### Task to carry out
Return each entry word for word and skip its pictures.
BEGIN
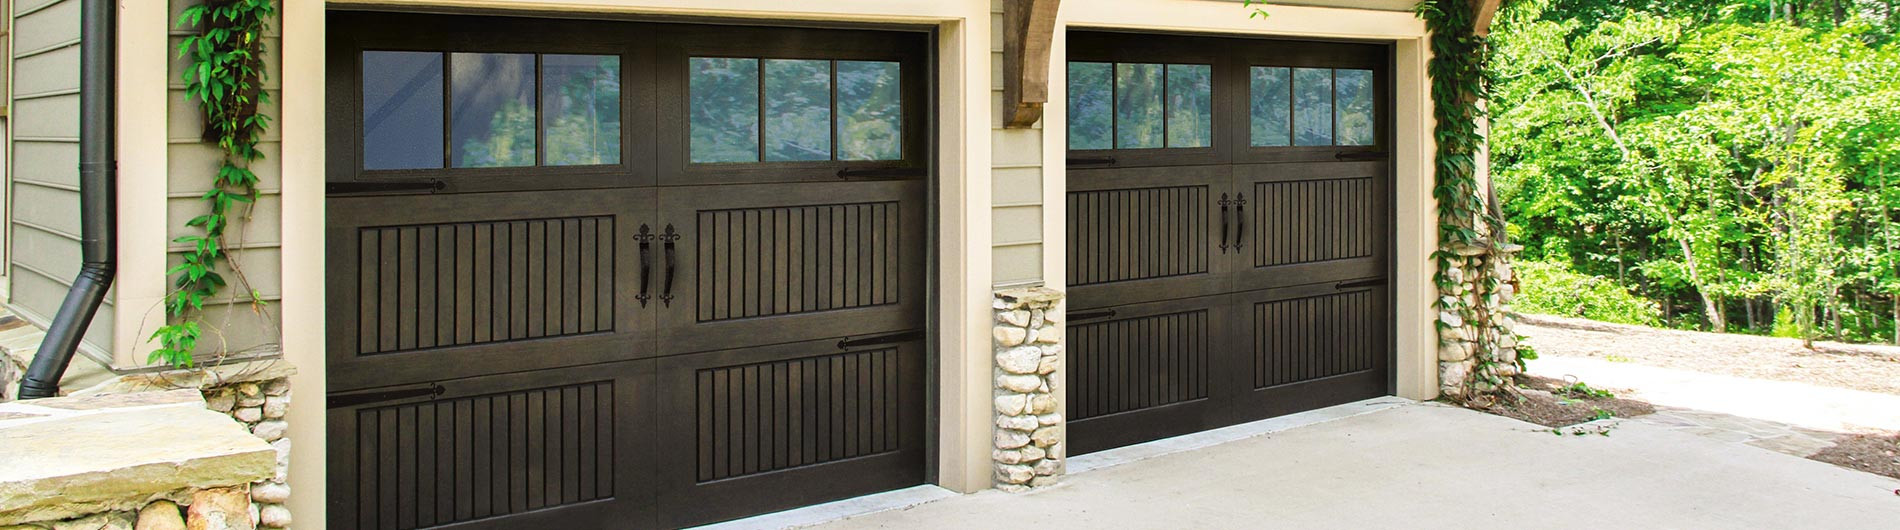 9800-Fiberglass-Garage-Door-Sonoma-Walnu
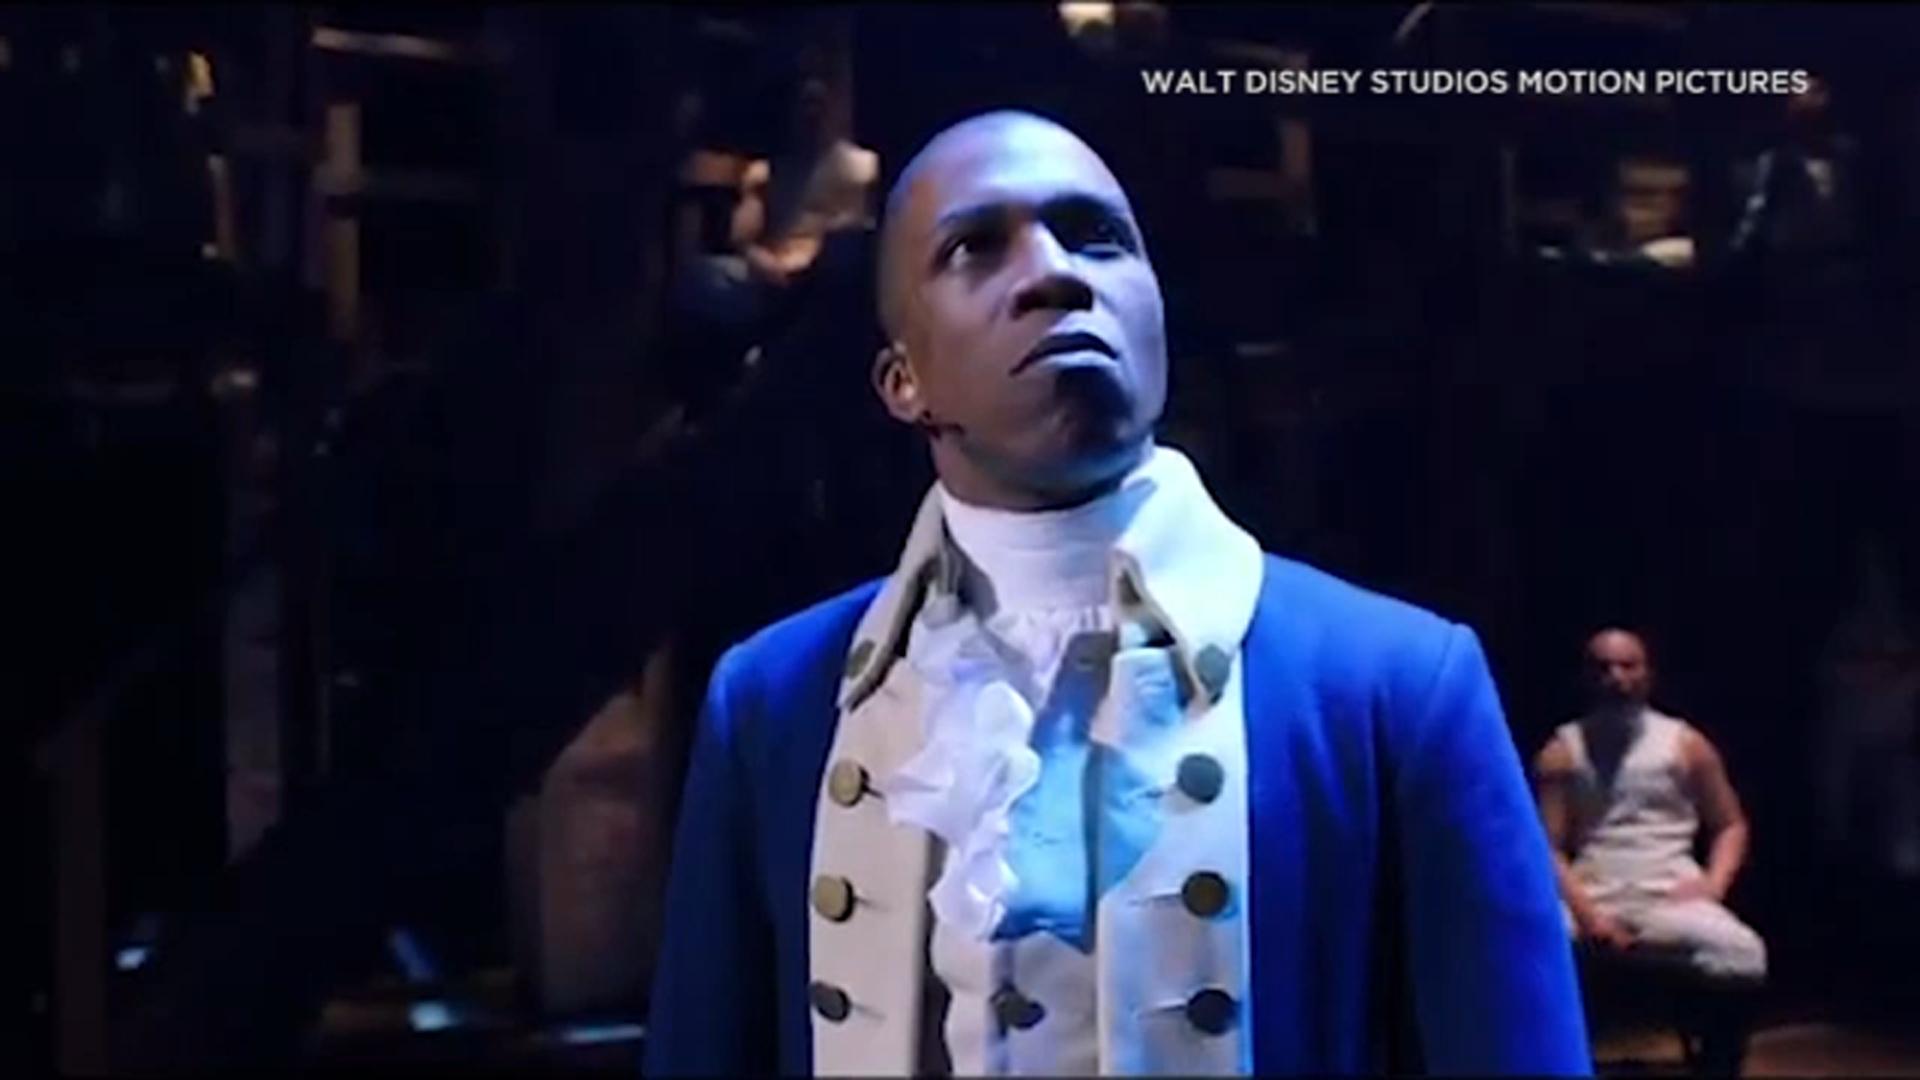 'Hamilton' on Disney Plus: Meet Lin-Manuel Miranda and other original cast members
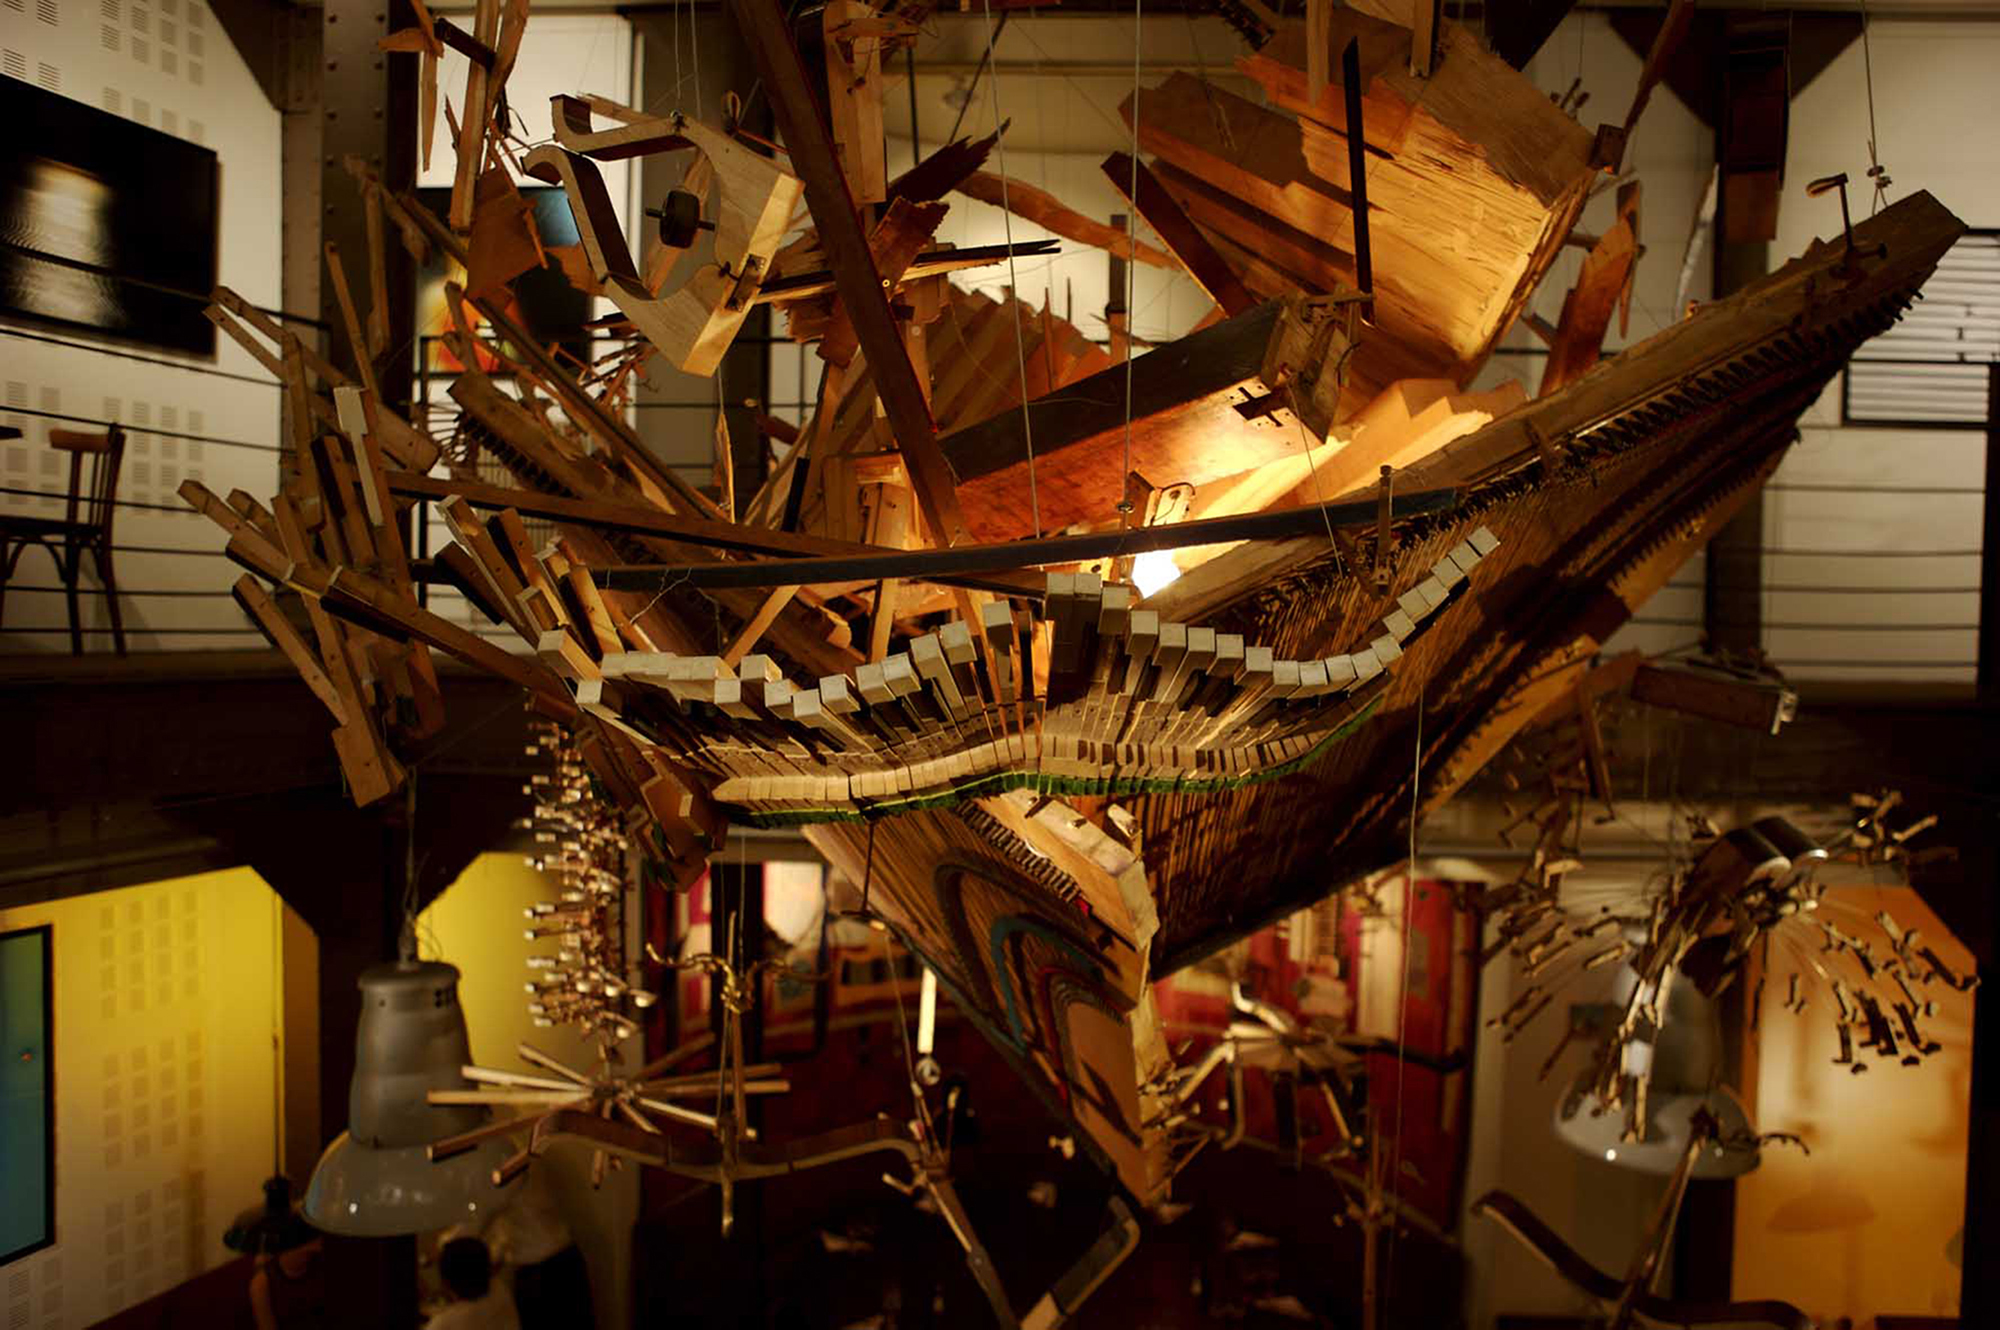 (7)NicolasHenry_ExplosionDePiano2_RestaurantChezGuillaume_Paris.jpg
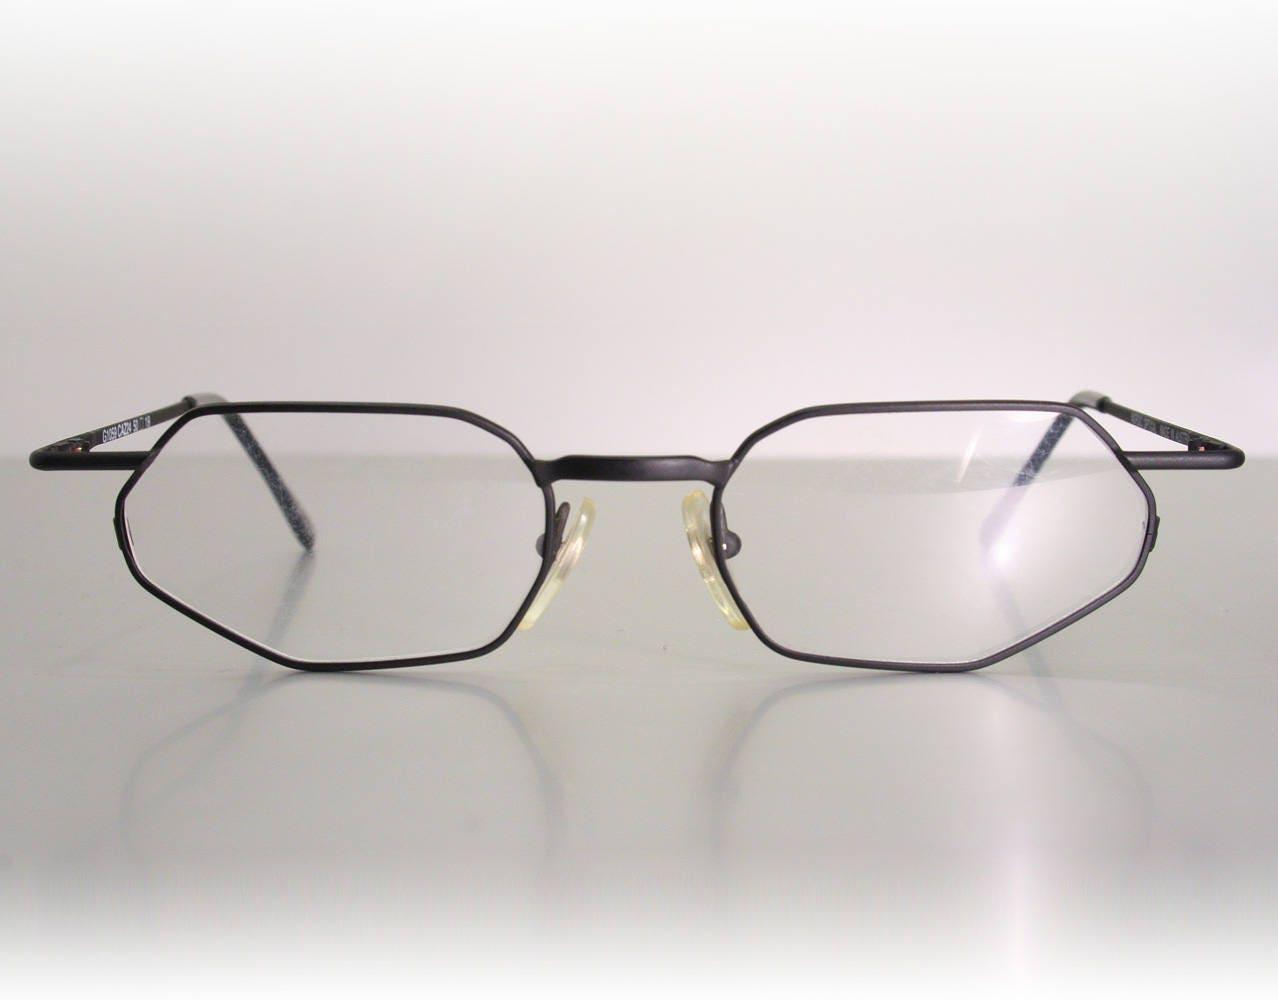 Matte Black NORDIC OPTICAL Men\'s Angular Eyeglass Frames NOS Old ...
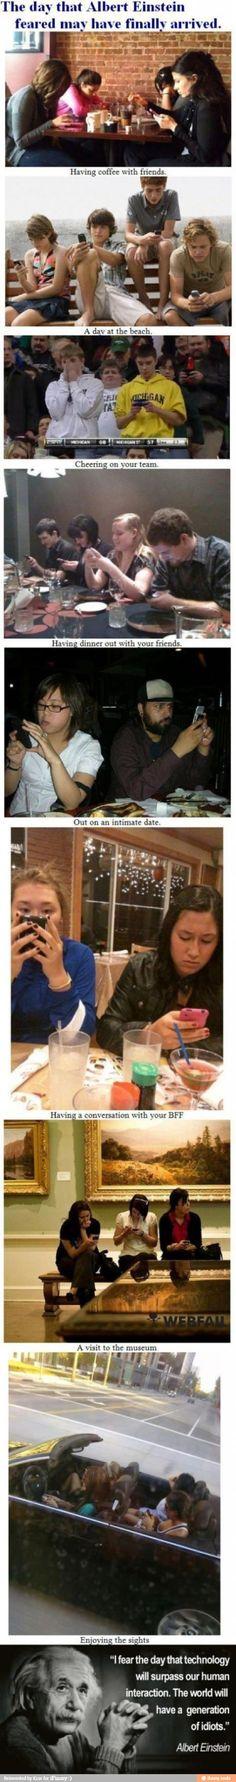 Funny. Sad. True.
END
### Response
 9800-Fiberglass-Garage-Door-Sonoma-Walnu
 'Hamilton' on Disney Plus: Meet Lin-Manuel Miranda and other original cast members
 (7)NicolasHenry_ExplosionDePiano2_RestaurantChezGuillaume_Paris.jpg
 Matte Black NORDIC OPTICAL Men\'s Angular Eyeglass Frames NOS Old ...
 Funny. Sad. True.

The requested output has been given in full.